Worked example + steps
Reth vs Geth / Alloy vs ethers-rs — the substitution case
You've placed the projects on a map. Now the next-most-asked question: why are teams actively migrating off the older alternatives? Geth has run Ethereum for a decade. ethers-rs was the Rust Ethereum library for years. Yet new infrastructure is being built on Reth and Alloy. This lesson is why — substitution by substitution.
1. Reth vs Geth
Geth (Go-Ethereum) is the original execution client. It's run mainnet since 2015, holds ~40–50% of execution client share, and the team behind it is excellent. Reth is not "Geth but better." It's a different design that earns its place by what Geth structurally can't do.

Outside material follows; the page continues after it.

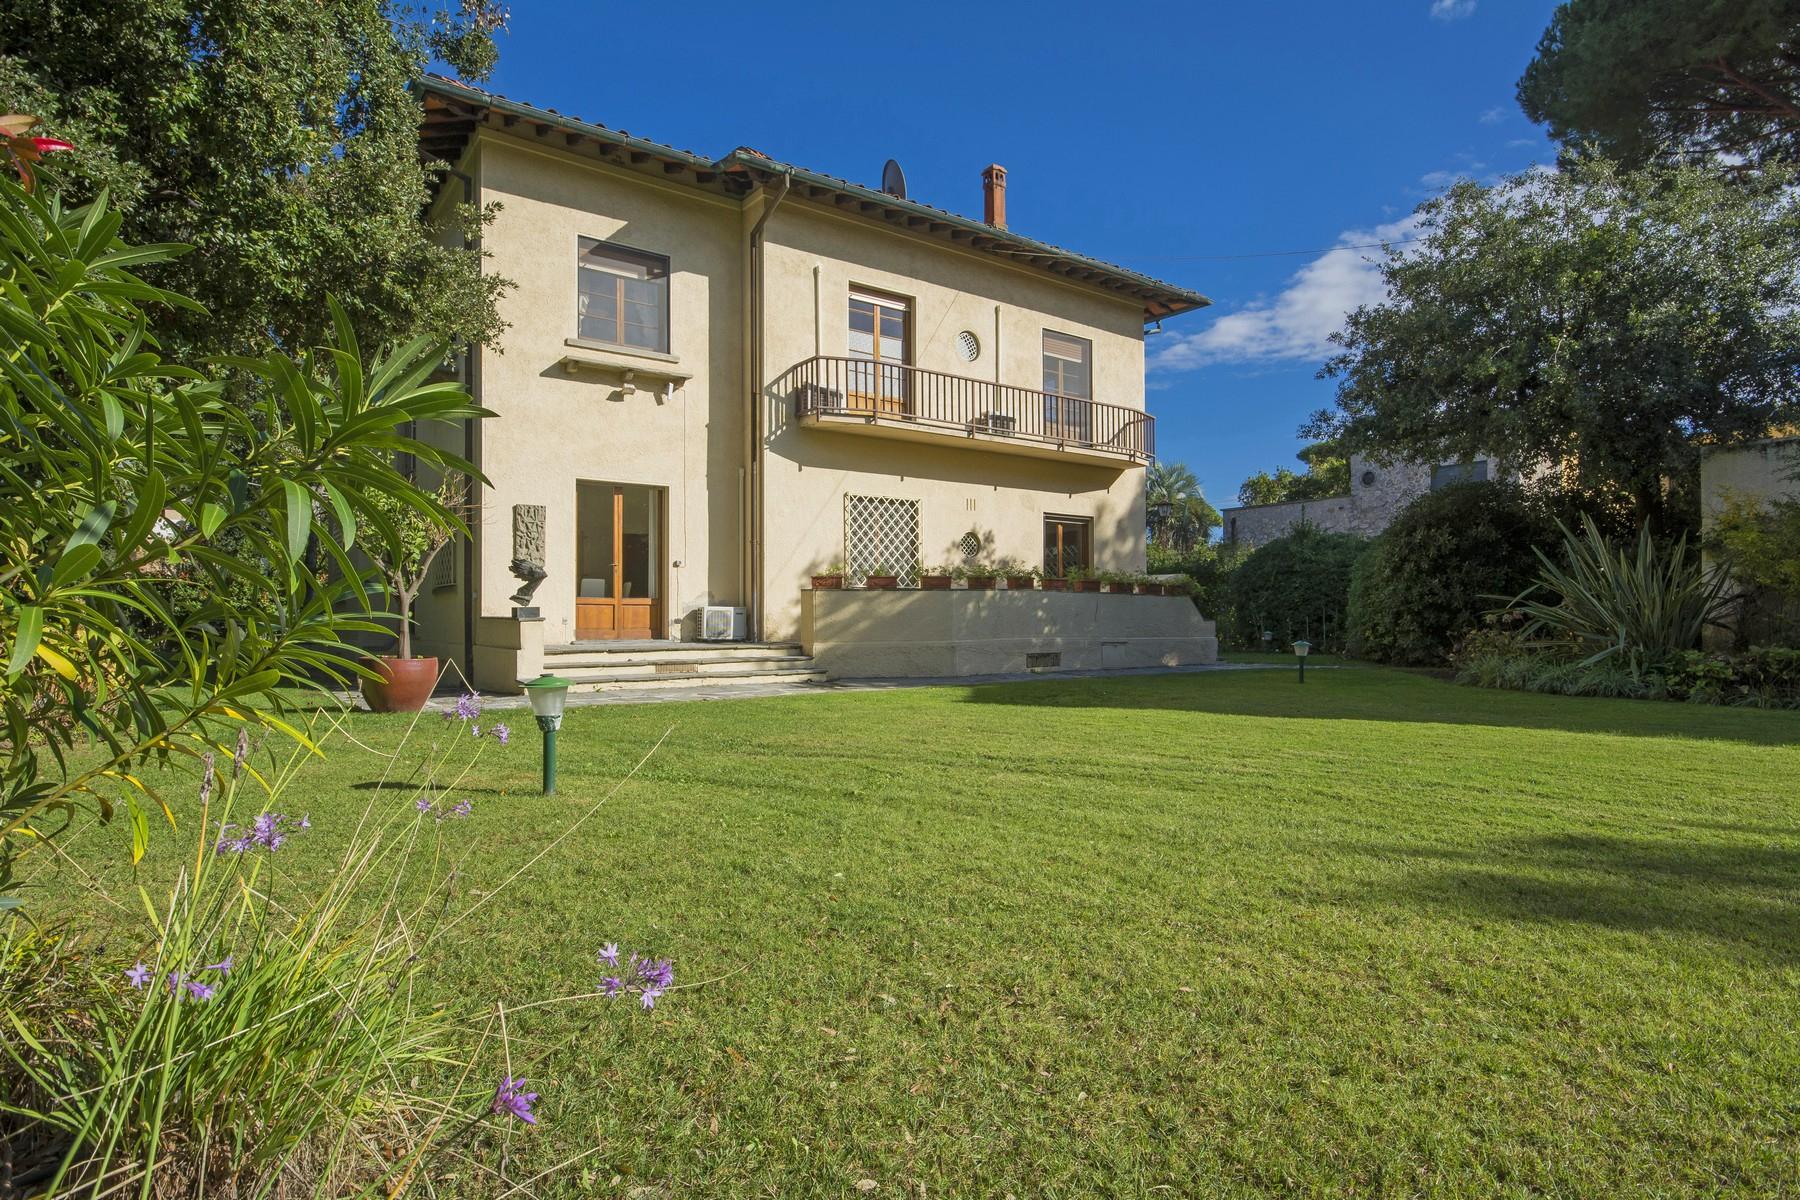 Villa in Vendita a Forte Dei Marmi via venti settembre
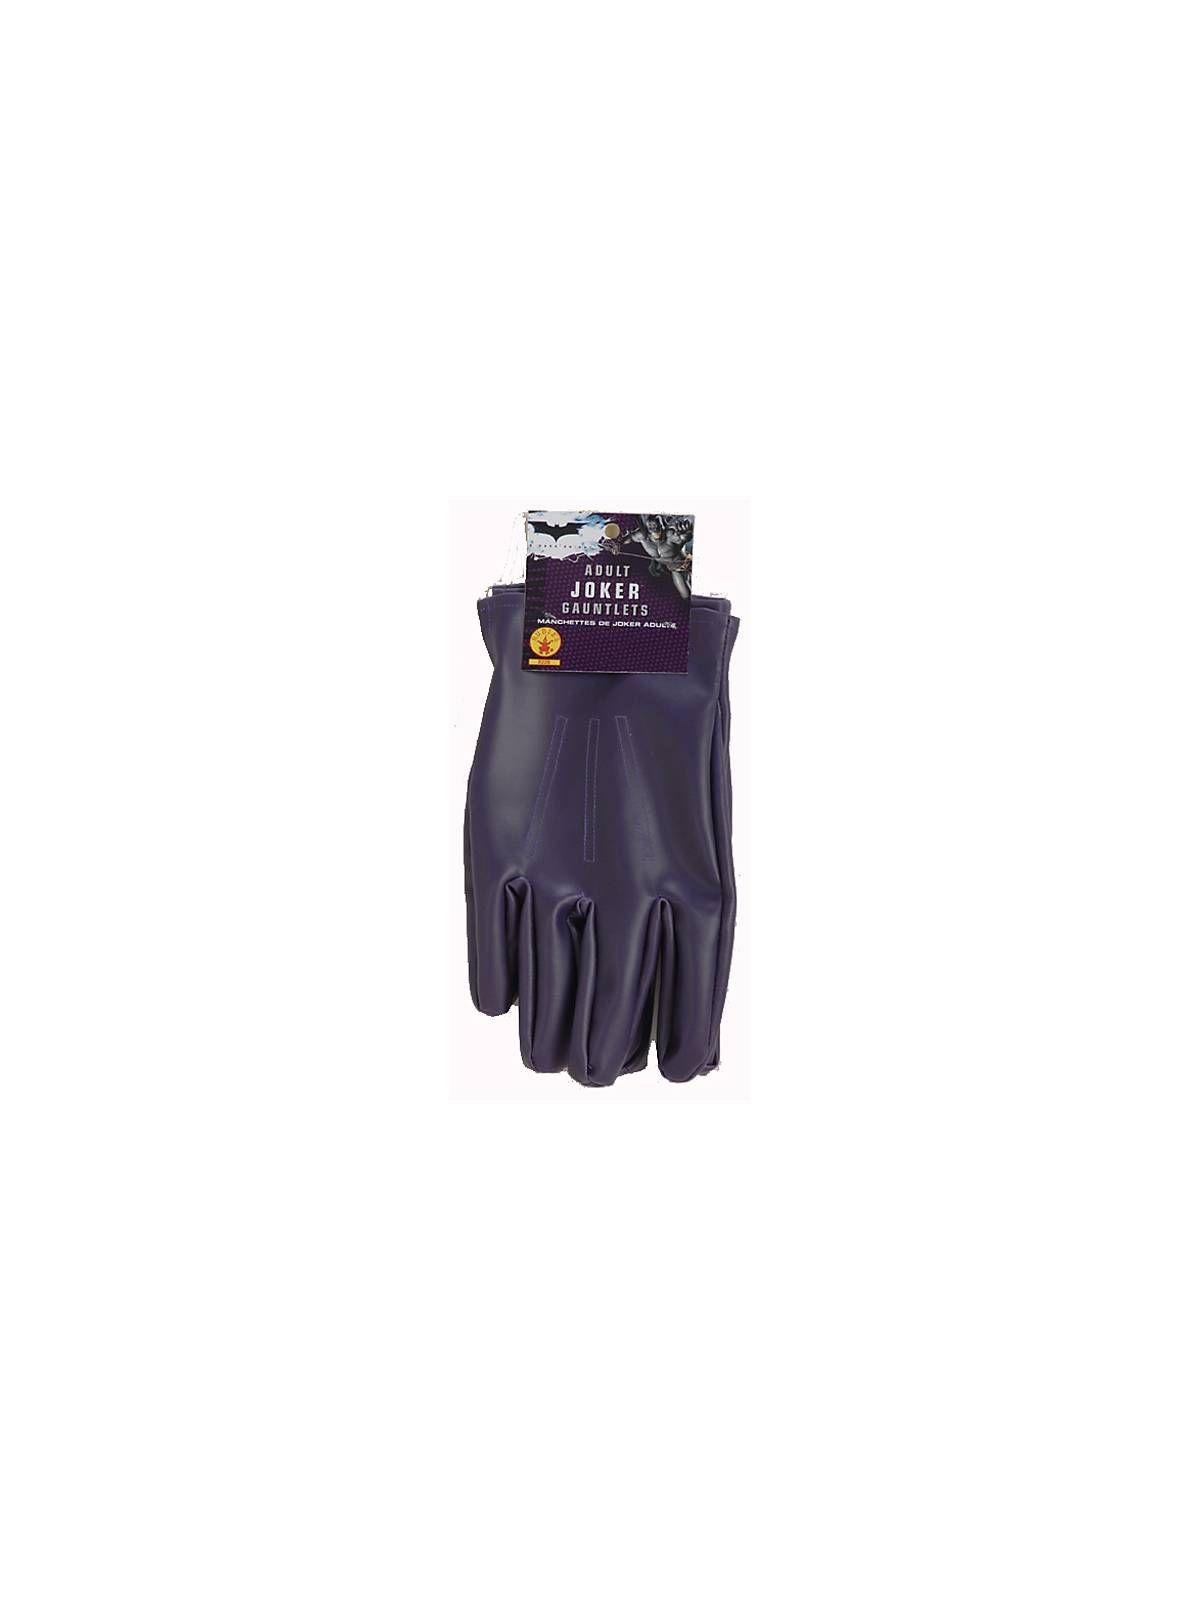 45b626e89678a Batman Dark Knight The Joker Gloves Adult | Joker Halloween Costumes ...

| Property | Geth | Reth | Why it matters |
|---|---|---|---|
| Language | Go | Rust | Cargo workspaces let you import revm as a library and use it standalone — Geth's execution engine is welded to the node and can't be reused. |
| Architecture | Tightly coupled | Modular crates (revm, alloy, reth-stages, reth-network, reth-rpc, etc.) | You can fork one crate (e.g., custom executor) without forking the entire node — central to the App-chain / L1 fork pattern. |
| State storage | LevelDB-based, evolving | MDBX (memory-mapped B+tree) | Stable read latency under heavy compaction. Geth has historically struggled with compaction stalls on archive nodes. |
| Execution engine | go-ethereum's interpreter | revm (Rust, library-first) | revm is reused by Foundry, Hyperliquid's HyperEVM, every Rust-based MEV stack — Geth's interpreter has no consumers outside Geth itself. |
| Sync strategy | Snap sync | Staged sync (10-stage pipeline) | Staged sync amortizes I/O across whole batches; faster initial sync and easier to extend with custom stages. |
| Extension API | None publicly maintained | ExEx (Execution Extensions) — in-process Rust hooks | Build node-speed indexers, MEV bots, risk engines inside the node, no RPC round trips. Geth has nothing equivalent. |
| Chain forking | Hard (entire fork-of-Geth) | Easy (Reth SDK: swap one component, keep the rest) | Hyperliquid's HyperEVM, Tempo, MegaETH, Base (OP-Reth), Berachain all use this pattern. |
| Reuse footprint | Geth's code is used by Geth | Reth's components (revm, alloy, reth-* crates) are reused by 100+ projects | Every Rust EVM tool you'll touch is built on top of one of these crates. |
Concretely: a team shipping a payments-priority L1 with custom transaction ordering forks Reth — and they don't even fork the whole thing. They depend on Reth's crates and replace only the Pool and Payload components. With Geth they'd fork the whole codebase, accept the rebase tax forever, and inherit a 200K-line surface they don't want to maintain. This is exactly what Tempo does, and what every other Reth-based L1 in the table from the previous lesson does.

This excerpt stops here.